Polusi cahaya dan berkurangnya populasi serangga

Dunia telah menyaksikan 'kehilangan malam' yang meluas, dan para ilmuwan menemukan bahwa polusi cahaya meningkat sebesar 2,2% per tahun pada tahun 2018. Laporan November 2017 Yang mengamati radiasi dunia dengan radiometer satelit pertama pada lampu malam.

Peningkatan pencahayaan buatan menimbulkan banyak dampak berbahaya terhadap satwa liar, termasuk hilangnya dan fragmentasi habitat, menurut A. Makalah Maret 2022 Dikutip dari National Wildlife Foundation.
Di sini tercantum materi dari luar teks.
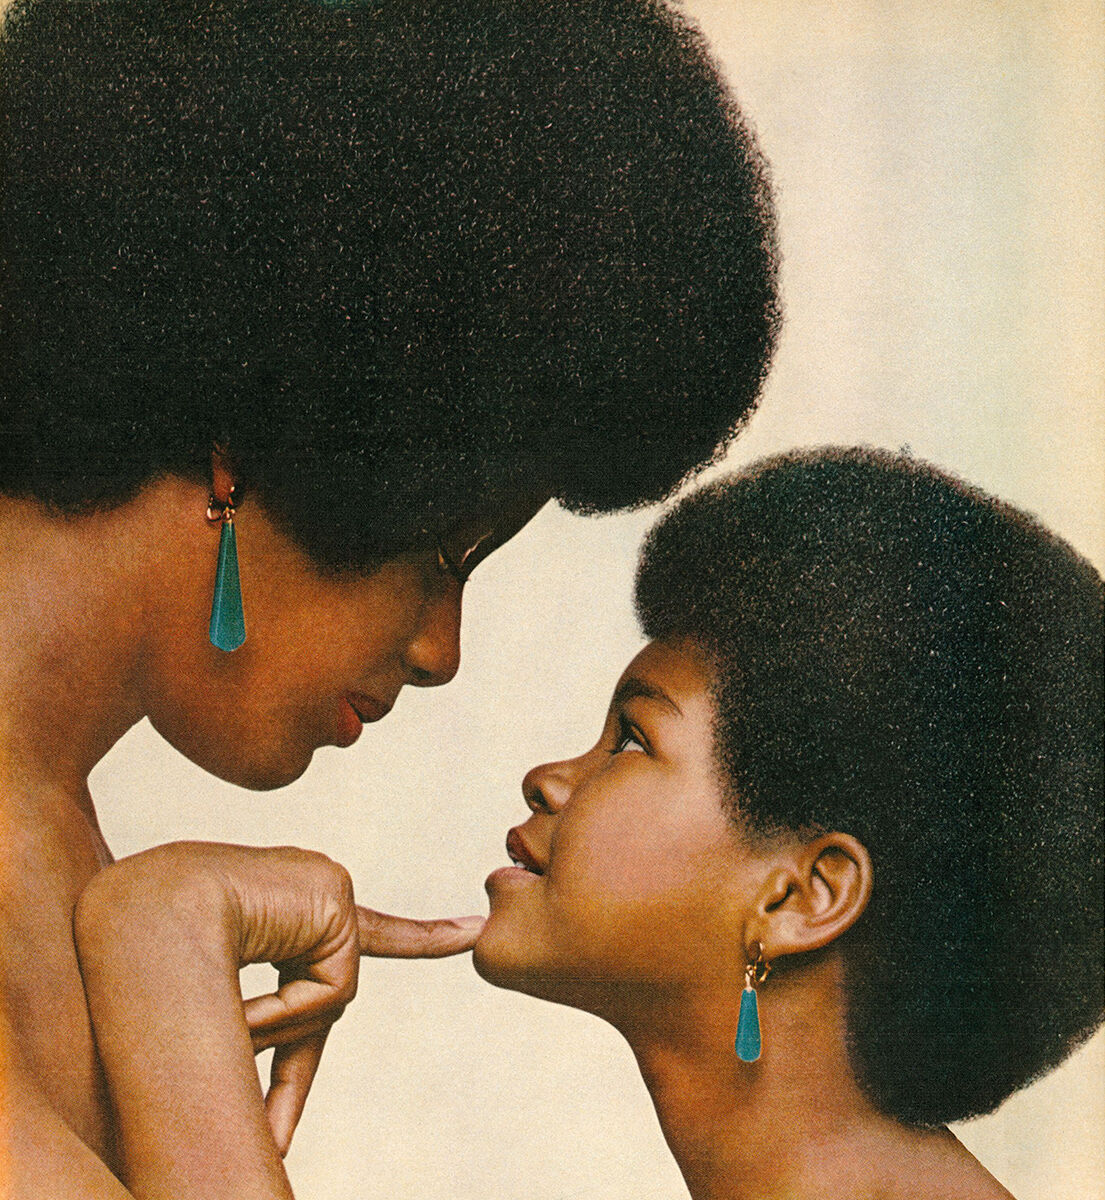 Hank Willis Thomas, Kama Mama, Kama Binti (Like mother like daughter), 1971/2008. Courtesy of the artist and Jack Shainman.
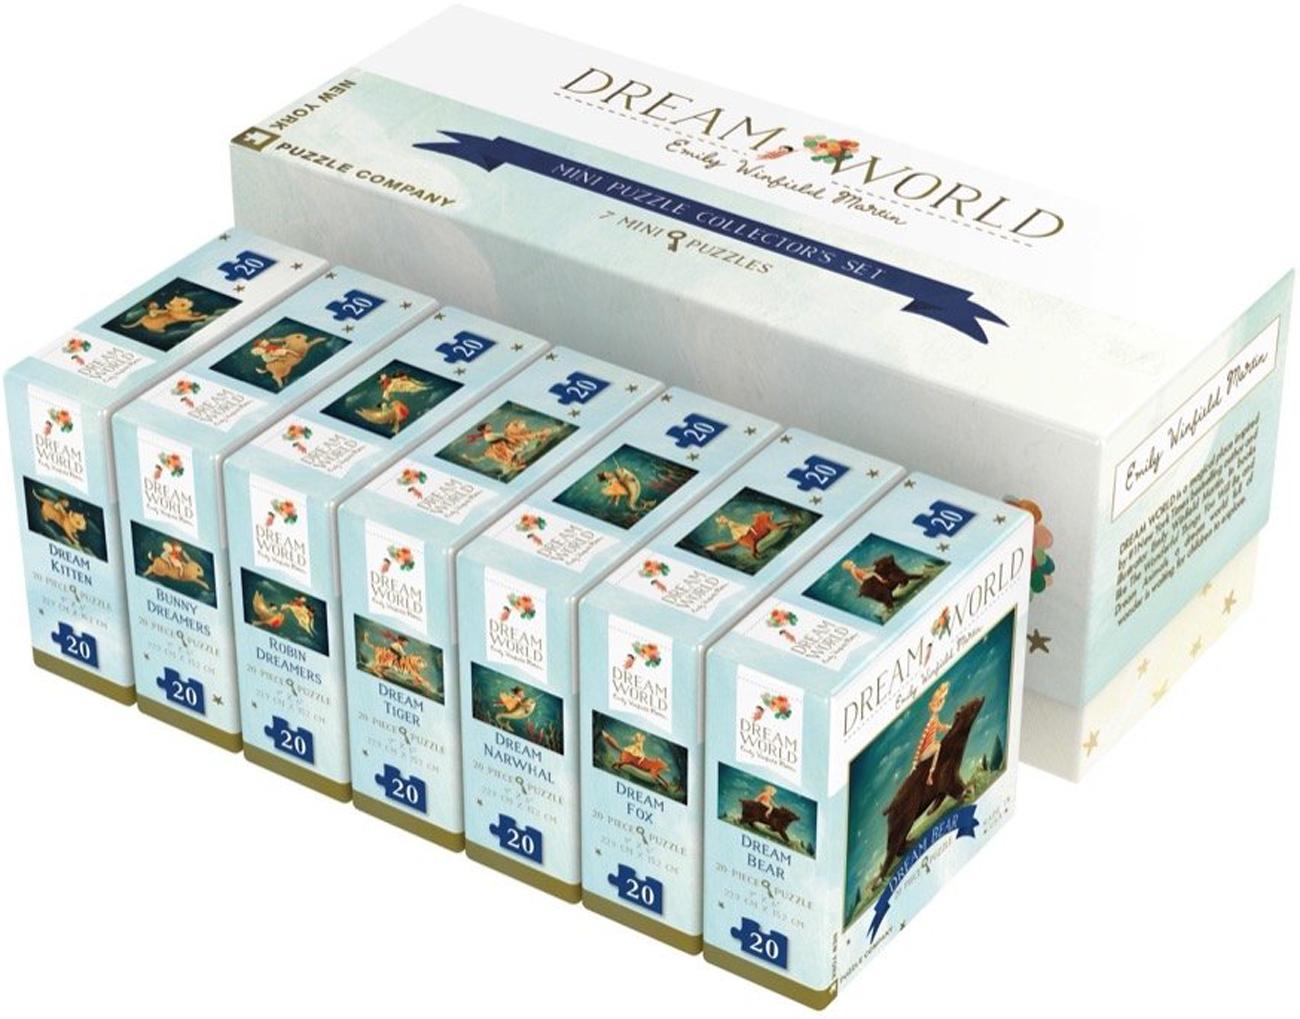 Dream World Mini Puzzle Collector's Set Movies / Books / TV Jigsaw Puzzle

Para penulis studi baru ini menunjukkan bahwa polusi cahaya merupakan penyebab utama penurunan populasi serangga, kata A Laporan September 2020 Yang menemukan bahwa cahaya buatan mempengaruhi perilaku ngengat dalam hal reproduksi dan perkembangan larva.

Dombroski mengatakan temuan baru ini dapat membantu konservasi serangga dengan meningkatkan penelitian tentang cara mengurangi dampak polusi cahaya pada serangga. “Saya selalu menganjurkan jika lampu tidak berfungsi apa-apa, matikan saja.”